Administration of the ethanol extract to rats decreased lipid peroxidation in liver, brain and kidney. Thus Ozen (2009) concluded that N. officinale extracts show relevant anti-oxidant activity by means of reducing cellular lipid peroxidation and increasing anti-oxidant activity, reducing power, free radical and superoxide anion radical scavenging activities.
18. Brahmi (Bacopa Monnieri):
In rats, bacosides A from Bacopa monniera enhanced anti-oxidant defenses, increasing superoxide dismutase, catalase and glutathione peroxidase activity. The sulfhydryl and polyphenol components of Bacopa monnieri extract have also been shown to impact the oxidative stress cascade by scavenging reactive oxygen species, inhibiting lipoxygenase activity and reducing divalent metals. This mechanism of action may explain the effect of Bacopa monniera extract in reducing beta amyloid deposits in a mouse model of Alzheimer’s disease.
19. Amrita Bindu (A Salt-Spice-Herbal Mixture):
Amrita Bindu is a salt-spice-herbal mixture containing pepper and ginger along with natural or artificial salt substitute. Shanmugasundaram et al (1994) observed that Amrita Bindu supplementation prevented N-methyl-N’-nitro-N- nitrosoguanidine- induced depletion of the anti-oxidant enzymes and the scavenger anti-oxidants glutathione and vitamins A, C and E. Amrita Bindu provides protection against free radical and reactive oxygen species induced tissue lipid peroxidation and the resultant tissue degeneration.

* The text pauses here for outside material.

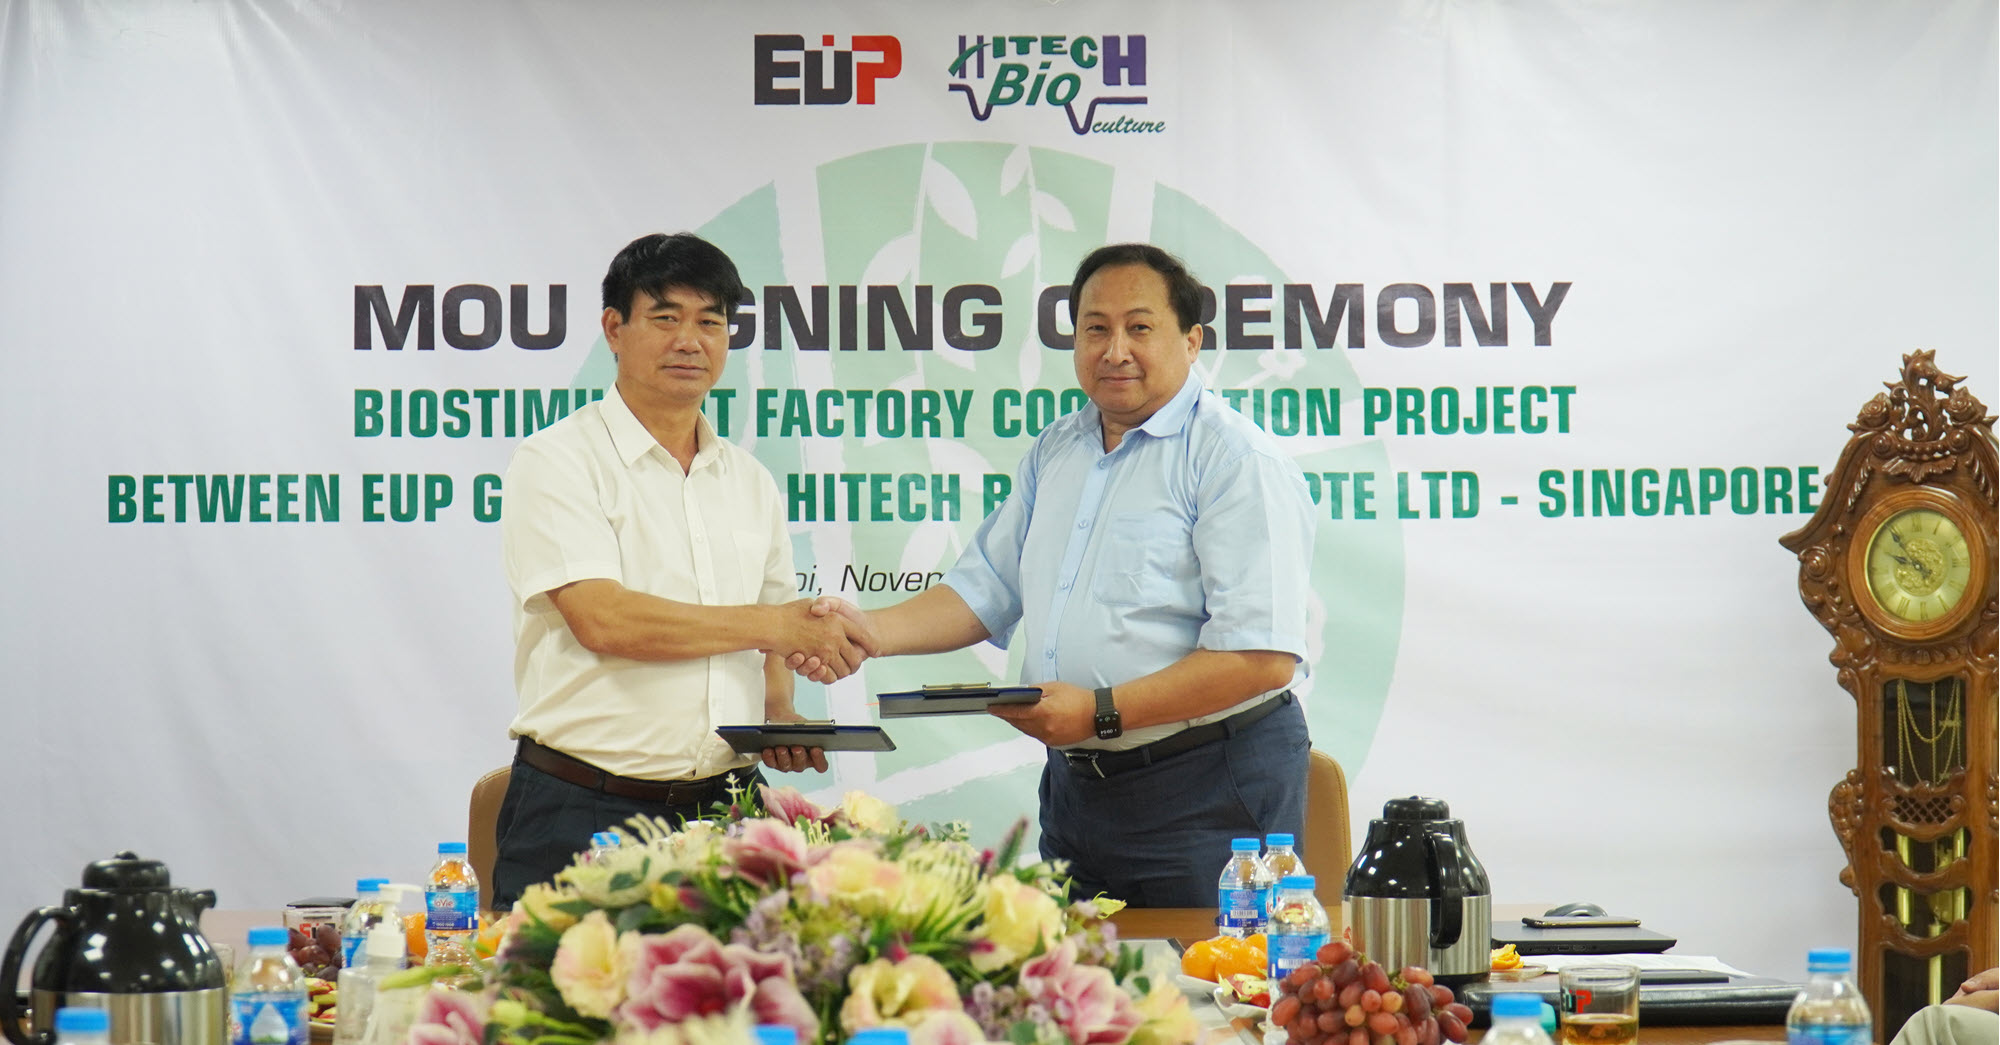 Mr. Hoang Quoc Huy and Drs. William shake hands

Similarly, Amrita Bindu supplementation for 3 months to asthmatic children resulted in stoppage of all anti-asthmatic medications and the children were free from attacks of asthma. Co-administration of Amrita Bindu along with 100µg of aflatoxin B1 (AFB1) was found to protect lipids and protein against the AFB1 induced oxidative damage in kidney, liver and brain tissues.

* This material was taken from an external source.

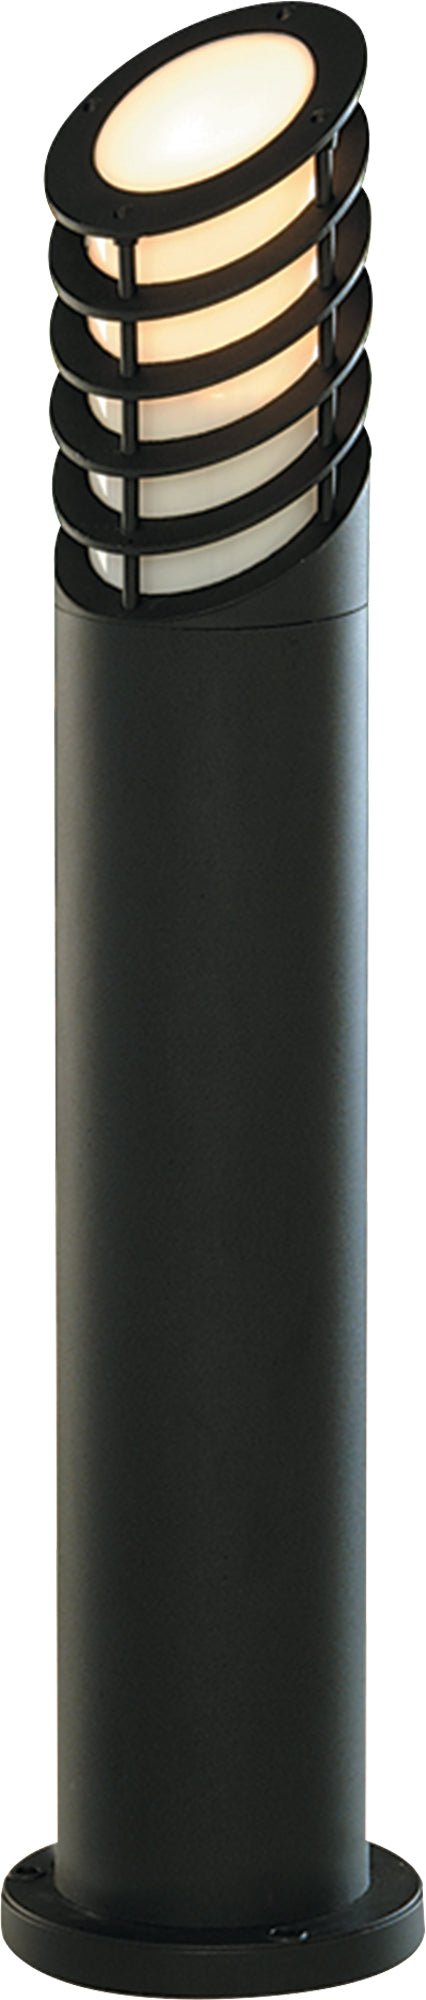 Searchlight 1086-730 Bollards Outdoor Post - Black Metal & White Polycarbonate - Searchlight - Falcon Electrical UK

The anti-oxidant supplement, Amrita Bindu, has a potential role also in ameliorating the aflatoxin B- induced DNA damage thus suggesting its applicability in preventing the vital macromolecule DNA. Rats fed diets with Amrita Bindu pretreatment showed significantly lower levels of free radicals, lipid peroxidation and protein carbonyls along with significantly higher levels of anti-oxidants on phenyl hydrazine administration as compared to rats without Amrita Bindu pre-treatment.